The Company has not made any grants of stock options or stock awards to its named executive officers, and it does not have any stock-based incentive plans. In addition, none of the named executive officers hold any unexercised stock options or unvested stock awards as of December 31, 2011.

Director Compensation

The following table provides information about the components of director compensation for the year ended December 31, 2011.

Director Compensation

 

Name

   Fees Earned
($)(1)
     All Other
Compensation
($)(2)
     Total($)  

Douglas C. Arthur

     22,200         —           22,200   

Byron A. Brill

     21,000         —           21,000   

Elizabeth H. Cottrell

     20,400         —           20,400   

James A. Davis

     20,400         —           20,400   

Christopher E. French

     20,400         —           20,400   

John K. Marlow

     20,400         21,790         42,190   

W. Allen Nicholls

     20,400         —           20,400   

Henry L. Shirkey

     20,400         —           20,400   

Gerald F. Smith, Jr.

     20,400         11,462         31,862   

James R. Wilkins, III

     20,400         7,094         27,494   

 

(1) Amounts represent retainer fees paid by the Company to directors on a monthly basis for board meetings.
(2) Amounts represent life insurance premiums paid by the Bank pursuant to the director’s Split Dollar Life Insurance Plan. The policies are owned by the Bank and the premium payments are expected to be recovered by the Bank under the Split Dollar Life Insurance Plan. Directors have designated beneficiaries that are entitled to a potential death benefit totaling $100,000.

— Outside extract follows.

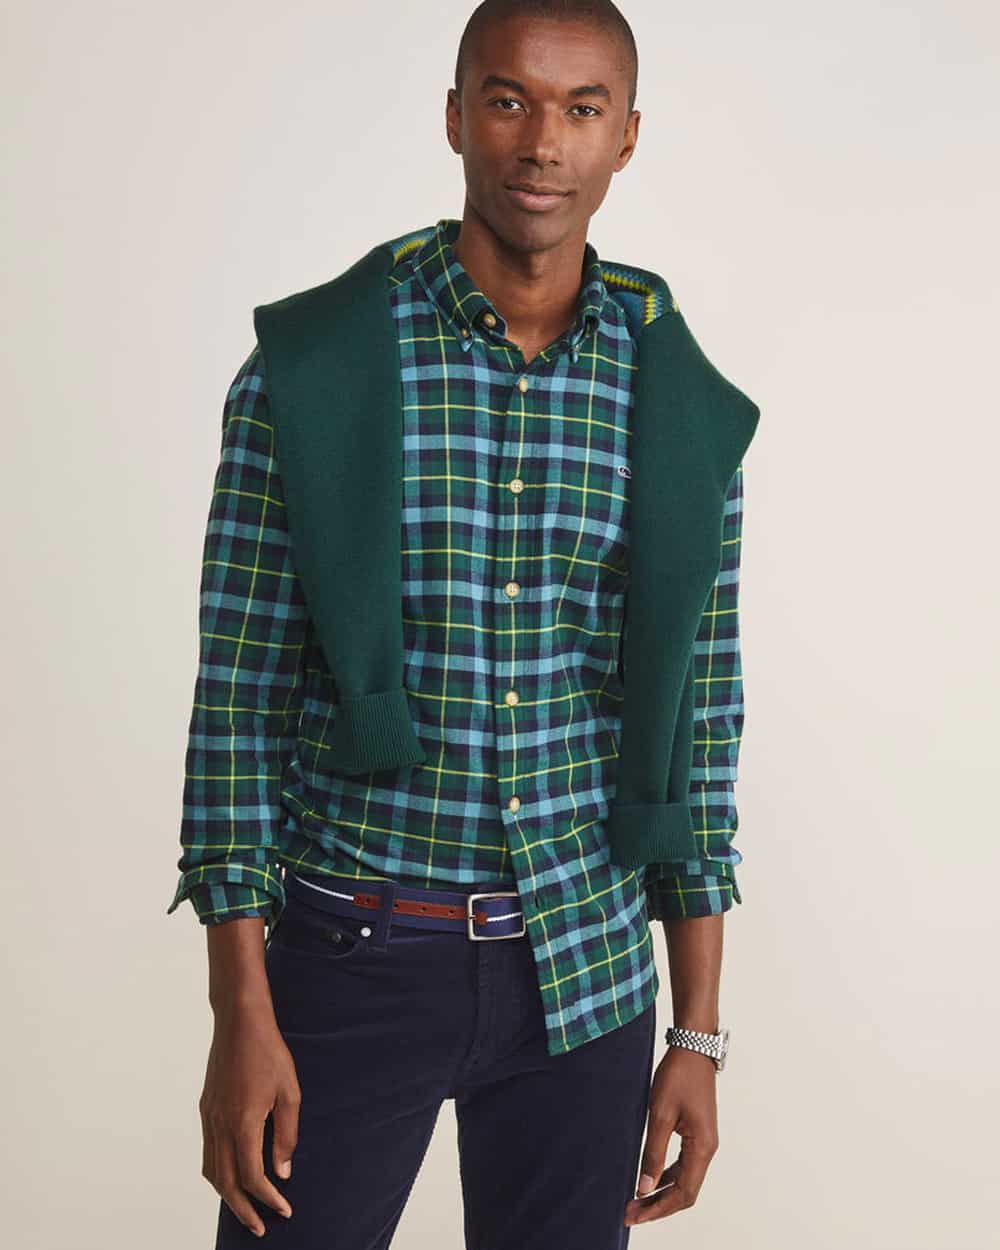 Man wearing Vineyard Vines navy pants, blue/green check shirt and green sweater over shoulders

Non-employee directors receive a retainer fee of $1,700 per month. They do not receive additional fees for attending meetings. The Chairman of the Board receives an additional retainer fee of $150 per month, and the Vice Chairman of the Board receives an additional retainer fee of $50 per month. Scott C. Harvard, President and Chief Executive Officer of the Company, did not receive fees for his service on the Board.

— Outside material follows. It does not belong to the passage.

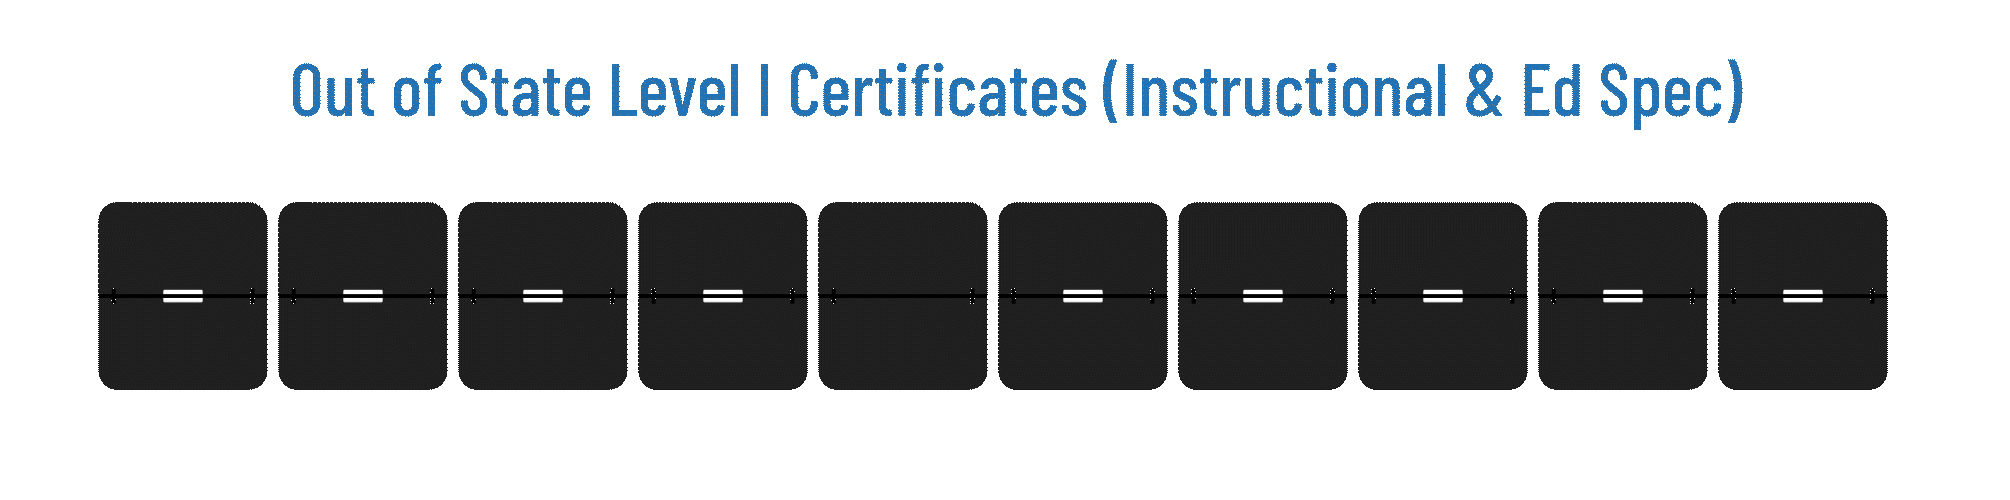 Out of State Level I Certificates (Instructional & Ed Spec) - less than 6 Weeks

In 1999, the Bank adopted a Director Split Dollar Life Insurance Plan (the “Plan”). The Plan currently provides life insurance coverage to 10 non-employee directors of the Bank, all of whom are also directors of the Company. Scott C. Harvard does not participate in the Plan. The Bank owns the policies and is entitled to all values and proceeds. The Plan provides retirement benefits and the payment of benefits at the death of the insured director. Payments of benefits at the death of the insured director will be split between the Bank and the director’s beneficiary. The amount of benefits will be determined by the performance of the policies over each director’s life. During the year ended December 31, 2011, the Bank paid premiums in an aggregate amount of $40,346 for the benefit of directors under the Plan.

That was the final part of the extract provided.